Eines der stärksten Felder aller Zeiten kämpfte gestern bei der WPT Championship im Bellagio um die sechs begehrten Plätze am Final Table. Unter den zehn Aspiranten befanden sich mit Scotty Nguyen, David Benyamine, Phil Hellmuth, David Williams und Eric Baldwin einige der besten Turnierspieler der Welt und entsprechend hochklassig ging es an den letzten beiden Tischen auch zu.

Nachdem sich Cliff Josephy und Nikolai Evdakov als Zehnter bzw. Neunter verabschiedet hatten, erwischte es mit Scotty Nguyen den Mann, der am Vortag noch auf Rang 2 des Chipcounts gelegen hatte. Das Match-Up in seiner Hand mit David Benyamine hatte es in sich, denn auf einem Board mit HjD10D6H8 spielte Benyamine 350.000 an und Nguyen raiste auf 1,15 Millionen. Benyamine nahm sich Bedenkzeit, schob letztlich aber seine gesamten Chips in die Mitte.

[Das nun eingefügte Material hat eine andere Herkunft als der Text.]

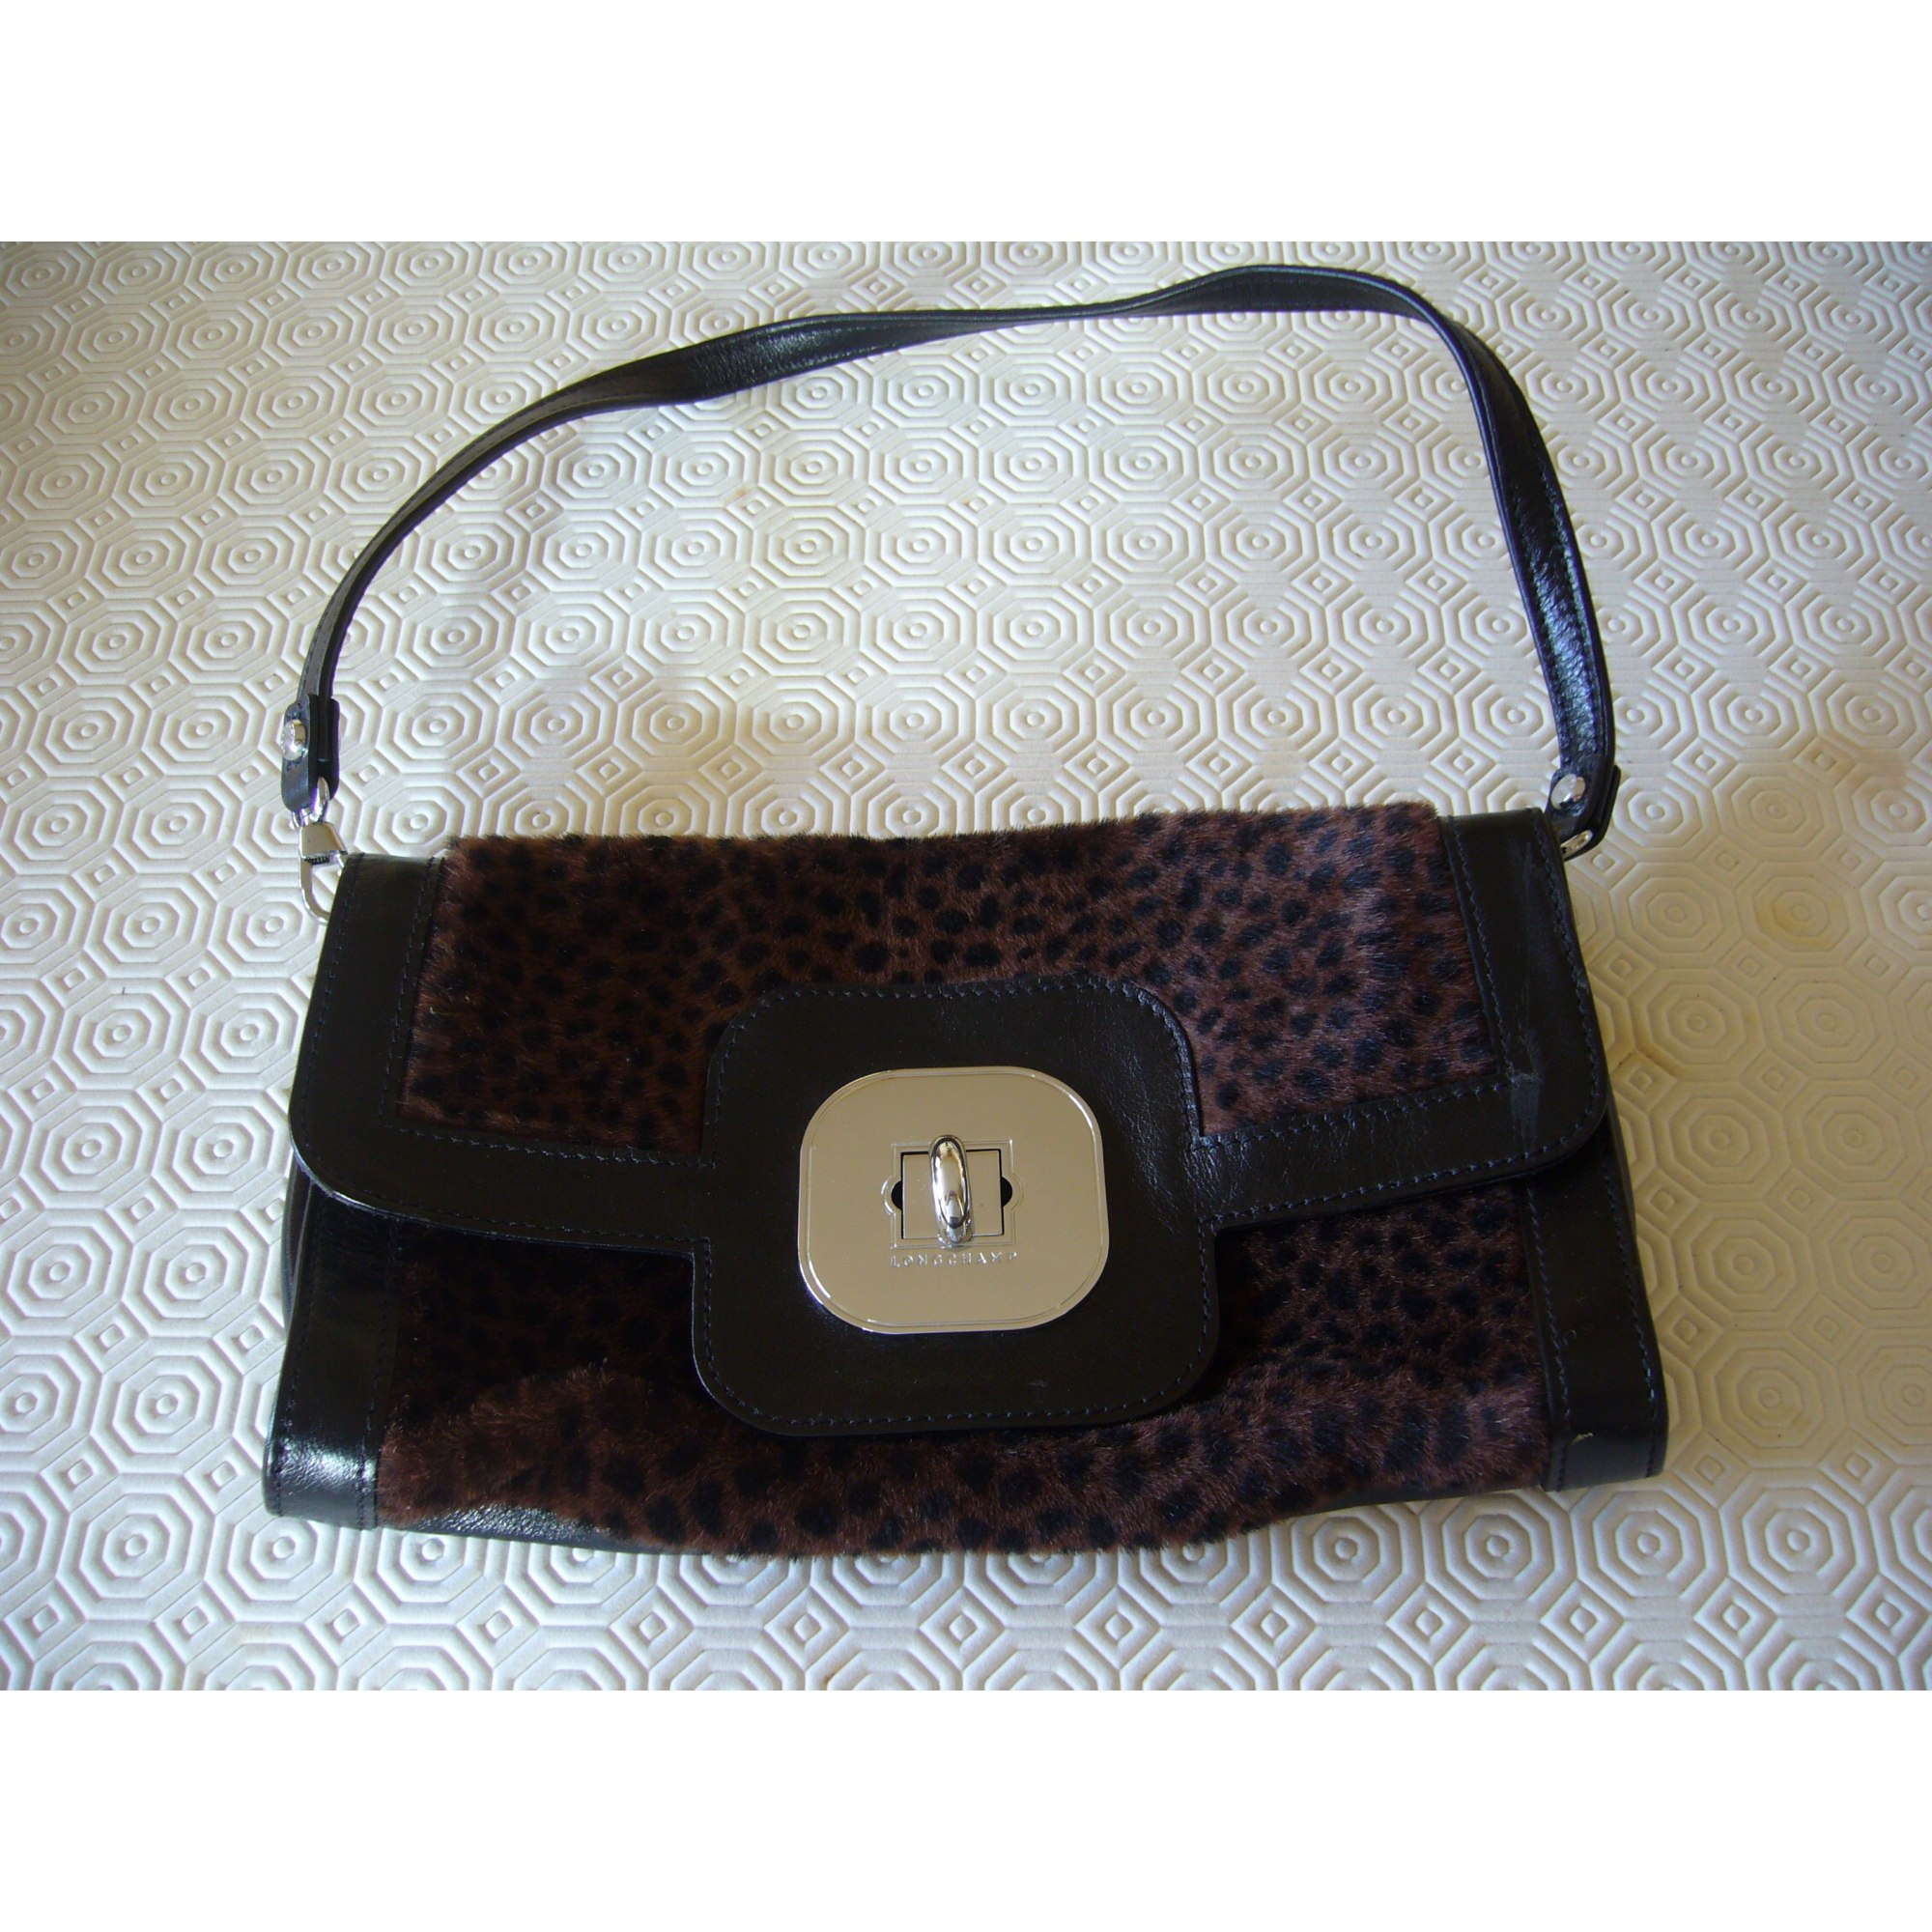 b88847d4a5 Sac pochette en cuir LONGCHAMP marron - 7432969
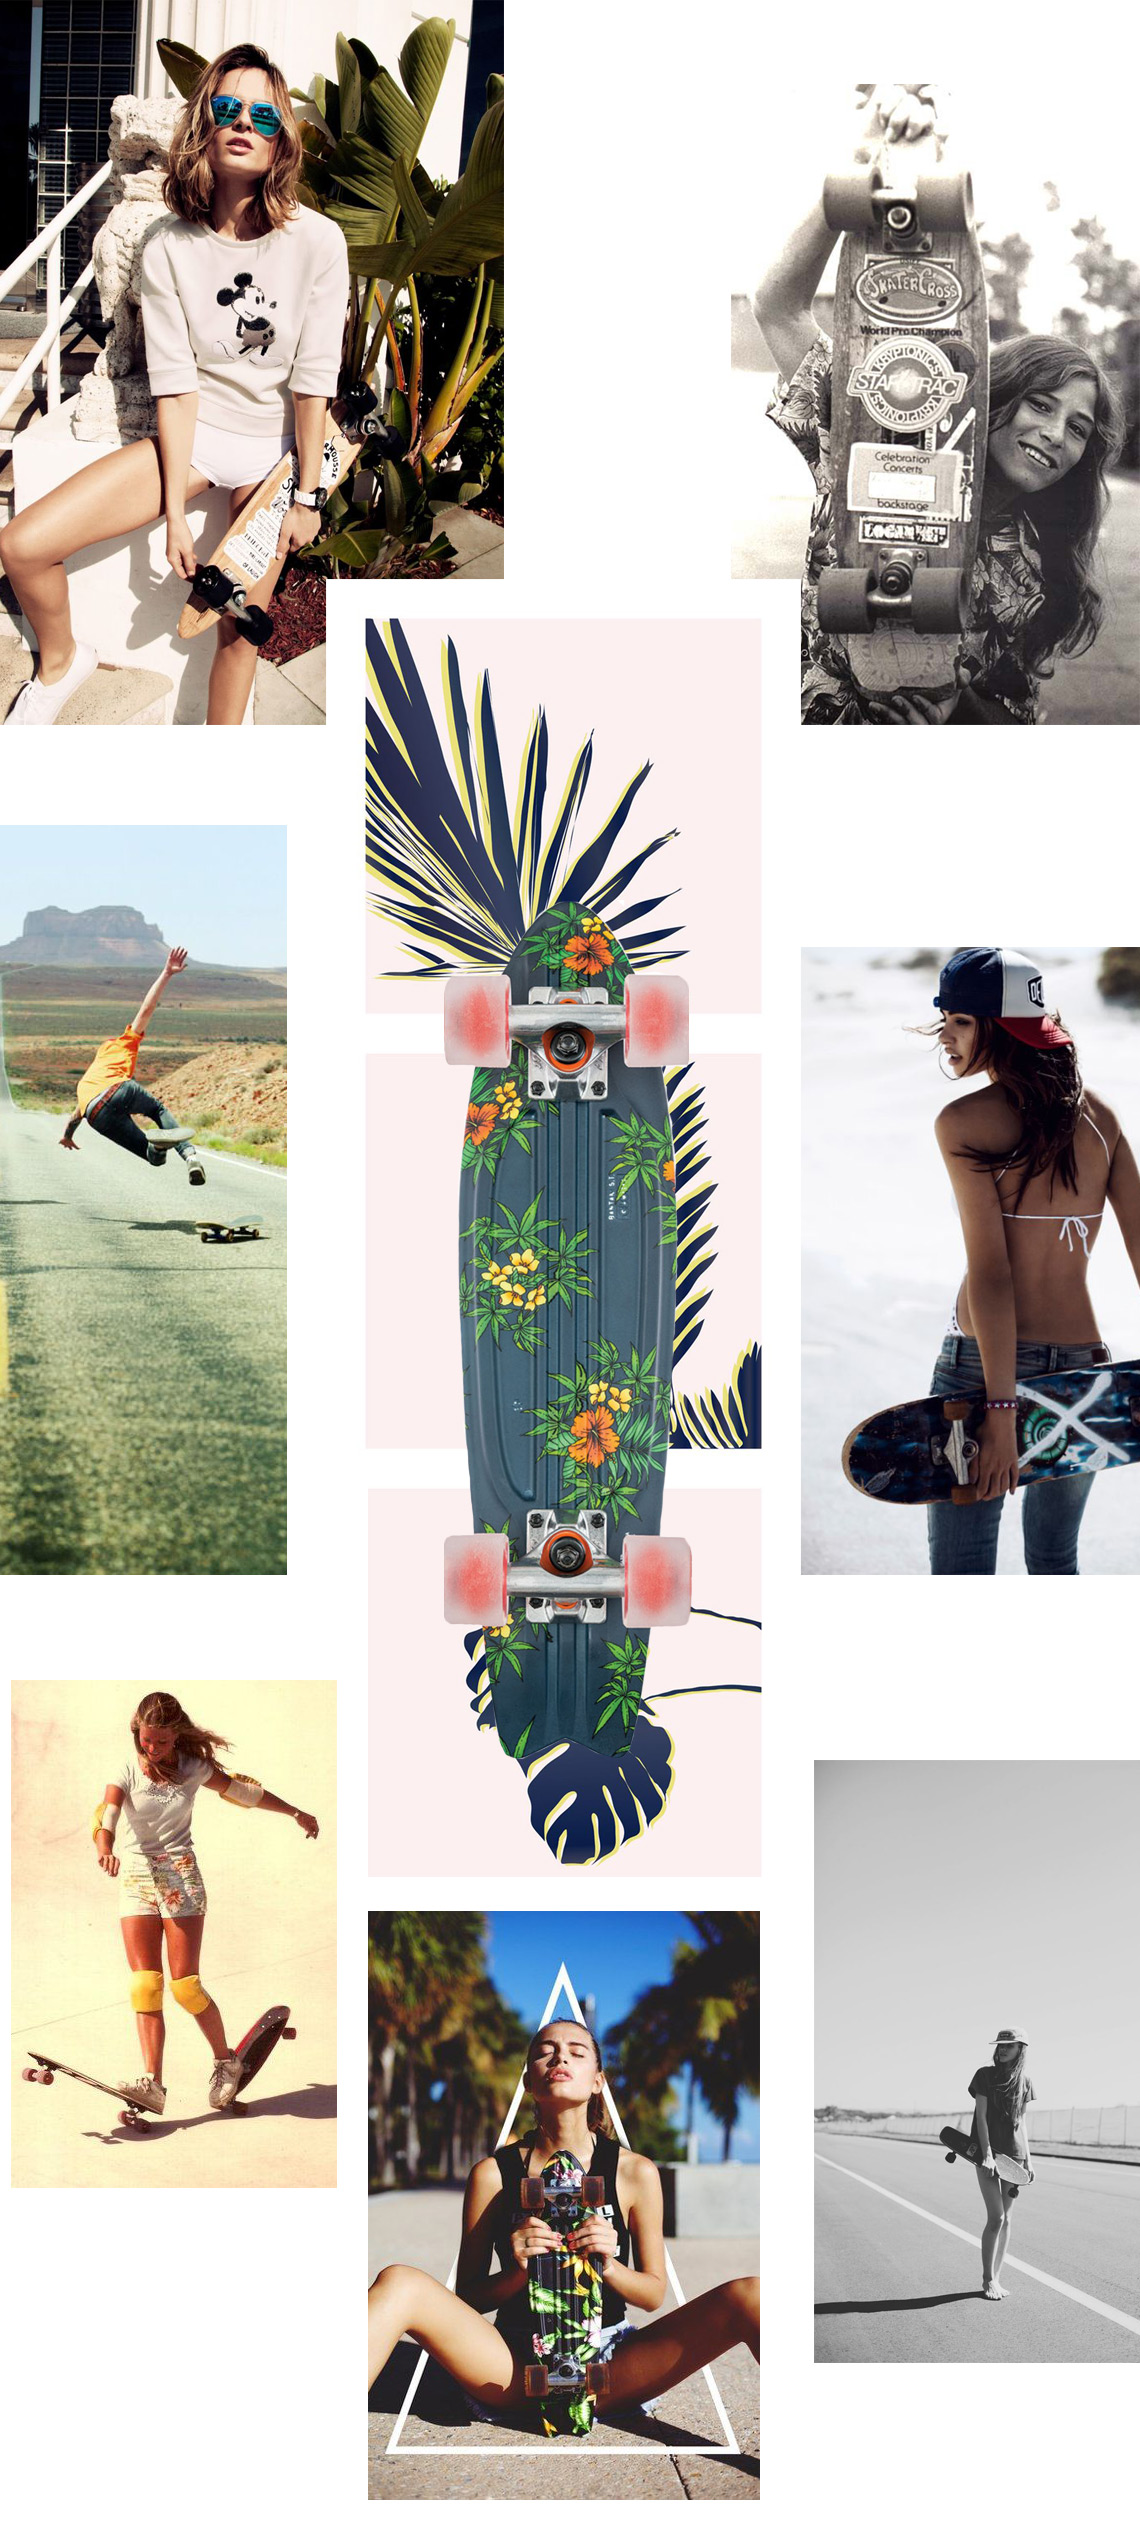 skate-globe-bantam-shopping-selector-moodboard-folkr-1

Ngyuen callte und drehte C8D8 für ein Set Achten um, doch blieb ihm nur noch ein Out, als Riesen-Baby Benyamine H10S10 für das höhere Set umdrehte. Diesem blieb mit der D7 auf dem River eine böse Überraschung erspart und Scotty musste mit Rang 8 und 105.000 Dollar den Tisch verlassen, da der Franzose etwas mehr Chips als er hatte.

Pokerblatt

Immer für Unterhaltung in jeder Hinsicht gut ist Phil Hellmuth. The Pokerbrat war mit den wenigsten Chips in den Tag gegangen, zeigte sich aber von seiner zähesten Seite und konnte seinen Stack sukzessive ausbauen. Mit David Williams lieferte sich Hellmuth immer wieder interessante Duelle, wie auch in der folgenden Hand.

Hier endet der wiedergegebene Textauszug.